Jaguar F-Type Coupe India review, test drive

    We drive the 543bhp Jaguar F-Type R-Coupe in and out of town for a full week.

    Published on Dec 25, 2014 07:00:00 AM

    61,002 Views

    On the weekend
     
    The grand plan for the weekend is to drive out to the hill station of Lavasa some 200km away, where our TV crew plans to shoot. The Jaguar and I will be joined by a ‘few’ colleagues who’ve ‘selflessly’ volunteered to help out with the remaining photography and ancillary tasks. I know the real reason they’ve sacrificed their Saturday. Anyway, they’ll be coming in our trusty Renault Duster. Just as well, because I need some place to dump my luggage. The F-type’s brochure says boot space is 407 litres. Perhaps Jaguar should add a disclaimer saying all of that space is taken up by the space-saver tyre stowed there. There’s really no space for anything more than a briefcase.  The drive out of Mumbai is uneventful, which I take as a good thing. Speedbreakers and broken patches of road are dealt without much fuss and soon enough we’re on the Mumbai-Pune expressway.
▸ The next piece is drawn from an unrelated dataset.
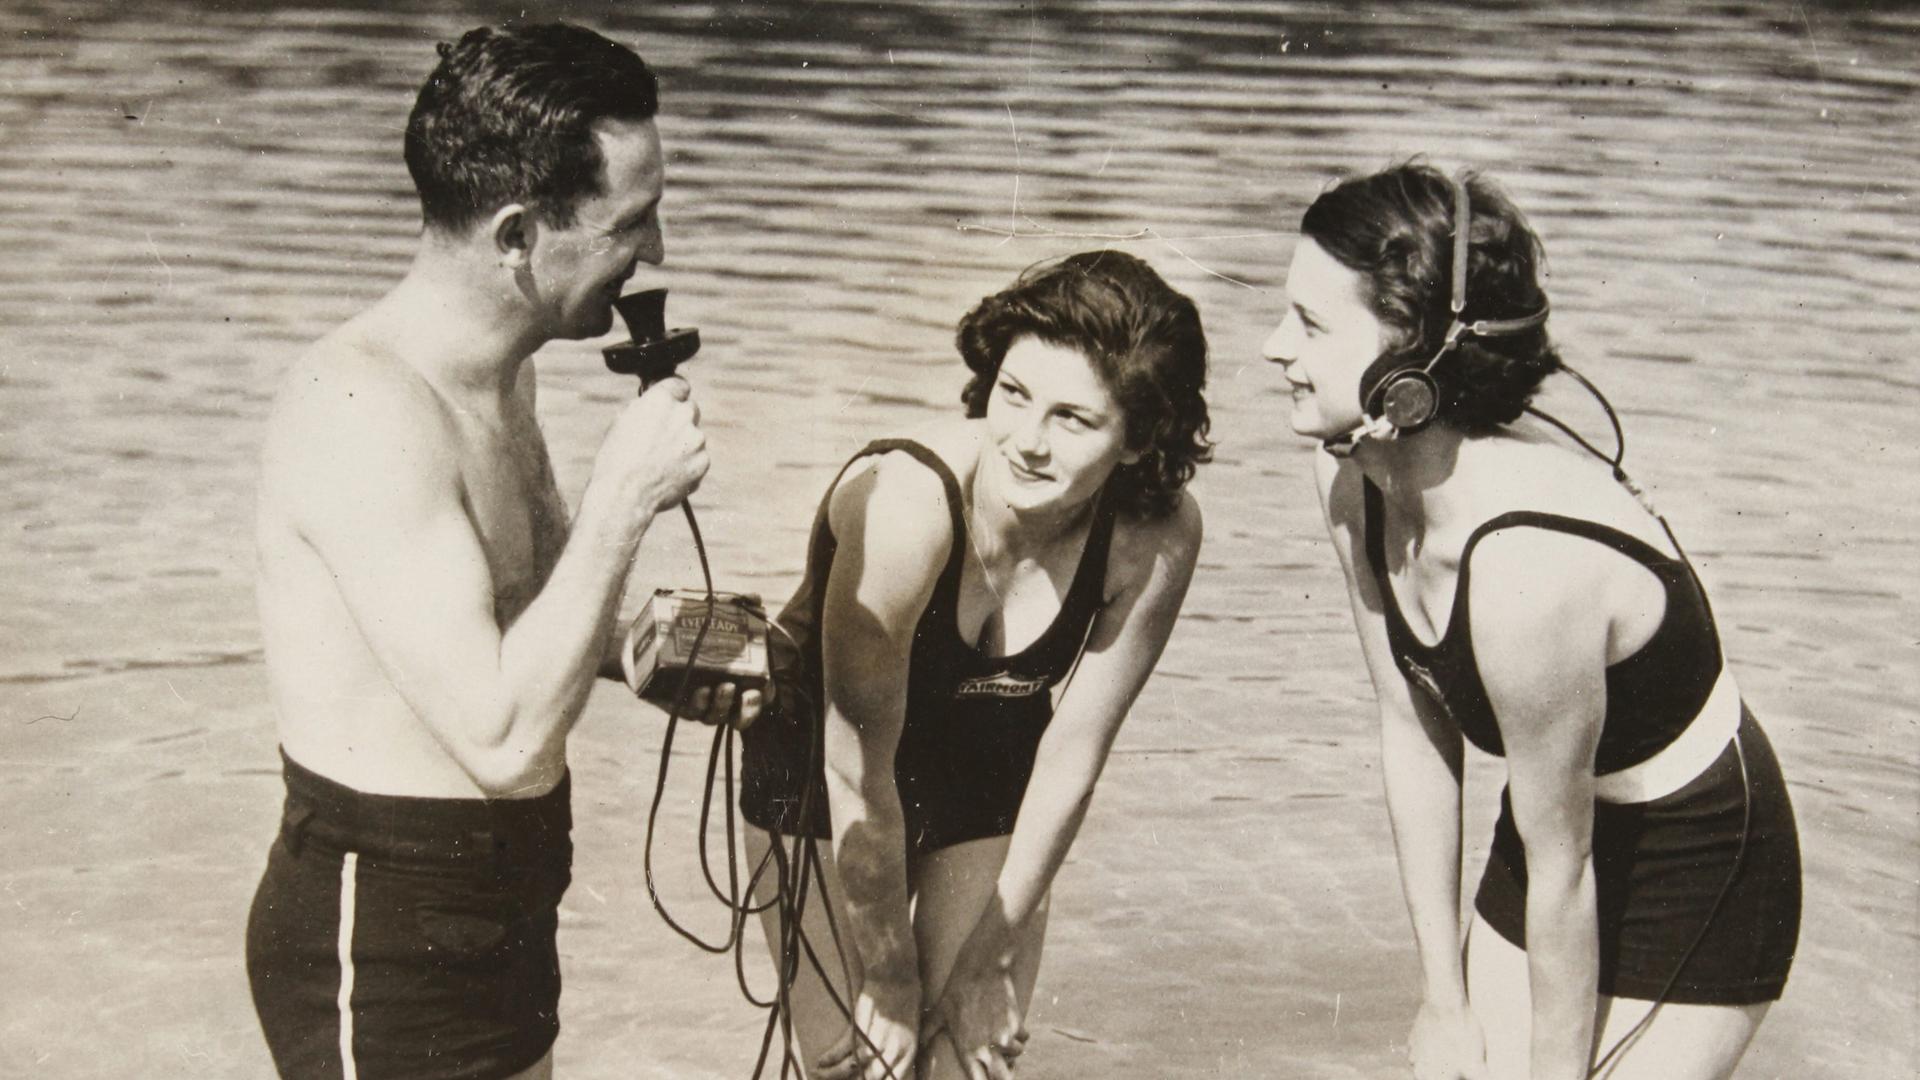 Auf dem Schwarzweißfoto von April 1934 ist links ein Mann in Badehose zu sehen, der ein Mikrofon hält und knietief im Wasser steht. Rechts von ihm stehen zwei junge Frauen, von denen eine einen Kopfhörer trägt, der über Kabel und ein Kästchen mit dem Mikro des Mannes verbunden ist. Die Frauen stehen auch im Wasser und schaeun den Mann an. 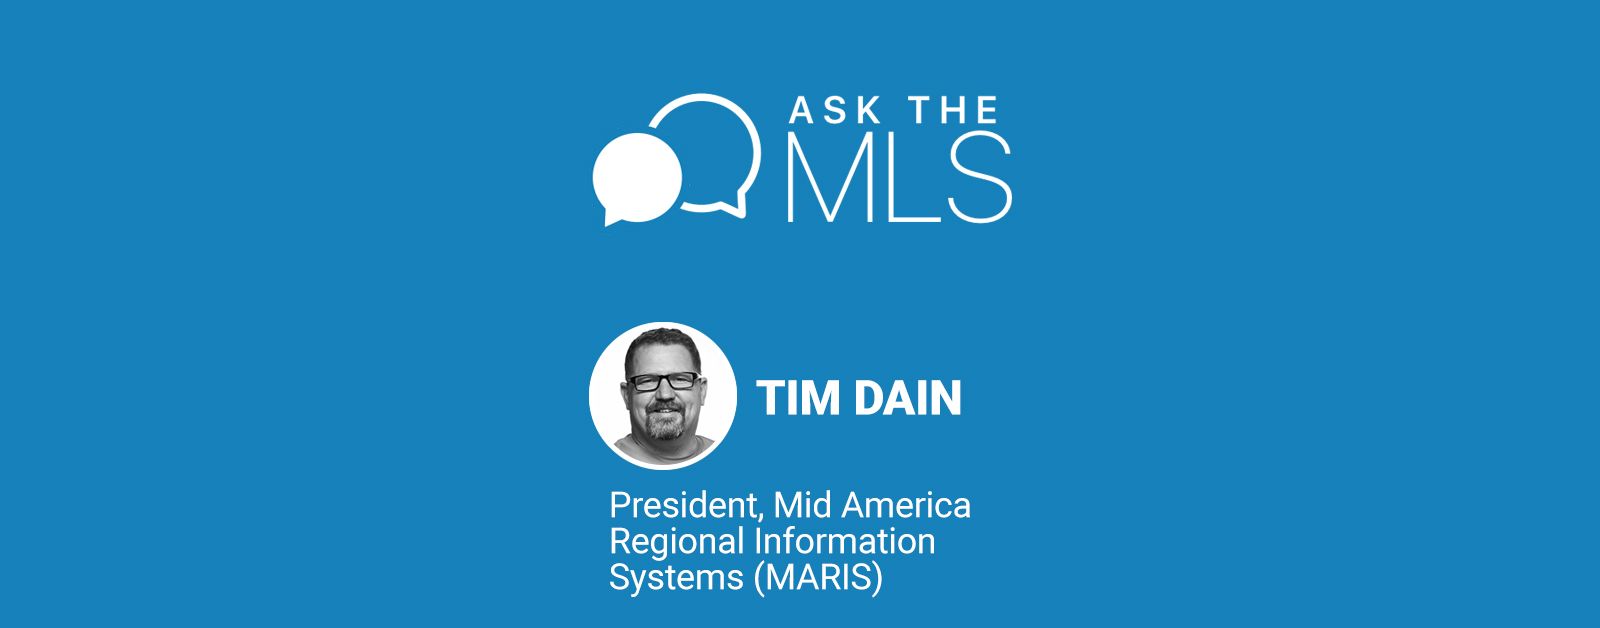 Ask the MLS: Meet Tim Dain of MARIS

First of the day’s notes to self: the F-type is a pretty good GT, but I can feel a bit of harshness on expansion joints apart and hear some tyre noise too. However, the suspension handles the bumpy expressway’s surface really well and cruising in the region of 100kph with the engine spinning at a lazy 1000rpm, the engine sound is perhaps the lowest it’s been in the past few days. 
     
    Once off the expressway, it’s frustratingly slow progress on the lunar surface of NH4. I cross Pune, turn off at Chandni Chowk and roll along past the town of Pirangut. Soon enough, things get a lot more interesting. The road up is a beautiful mix of short and medium straights, fast sweepers and tight hairpin turns. At long last, the big cat has reached its hunting grounds.  Dynamic mode selected (it stiffens the suspension, adds weight to the hydraulic steering and quickens the engine and gearbox), fingers on the paddleshifters, we blast off; the rapidity with which the F gathers speed on the steep gradient certainly makes it feel so. Seconds later, we’re at the first of many hairpin bends. Then a short straight leads us to the next one. Sweeping corners follow. And so on. What the series of turns do is reaffirm a crucial one of my findings of the past few days — that the Jaguar is not quite a precision tool as, say, a Porsche 911.
     
    There’s a noticeable dead zone just off straight-ahead position on the otherwise delightfully quick steering, and turn-in is also not pin-sharp. But not for one instant do I think the F-type isn’t fun on these roads. It  just needs to be driven like the old-school rear-wheel-drive brute that it thinks it is. That involves powering out mid-corner so the rear wheels align with the intended angle of attack. Torque vectoring (that individually brakes the wheels) and the electronic differential make this easier done than said. What’s also nice is that in Dynamic mode, the gearbox doesn’t upshift automatically and it hangs onto each cog even when the engine is bouncing off the rev limiter. Brake feel and strength are super too. And lest I forget, the sight of the rising spoiler filling up the rearview mirror is just incredible. For the umpteenth time this day, I’m grinning from ear to ear. Just wish the transmission tunnel didn’t heat up so much on all-out runs. I can feel it on my left leg and it even heats up the bottle of water stowed in one of the two cupholders behind the gear lever.  Once inside Lavasa, the empty, twisty roads leading up to the next township under development present all of us one last opportunity to misbehave before we hand over the Jag to the TV team. Rabid powerslides are the order for the next half hour or so. The G-meter display on the infotainment screen helps settle our friendly dispute over the most controlled driver. Unfortunately, time’s up, but I just don’t want to get out of the car. The high door sill makes that harder to do still.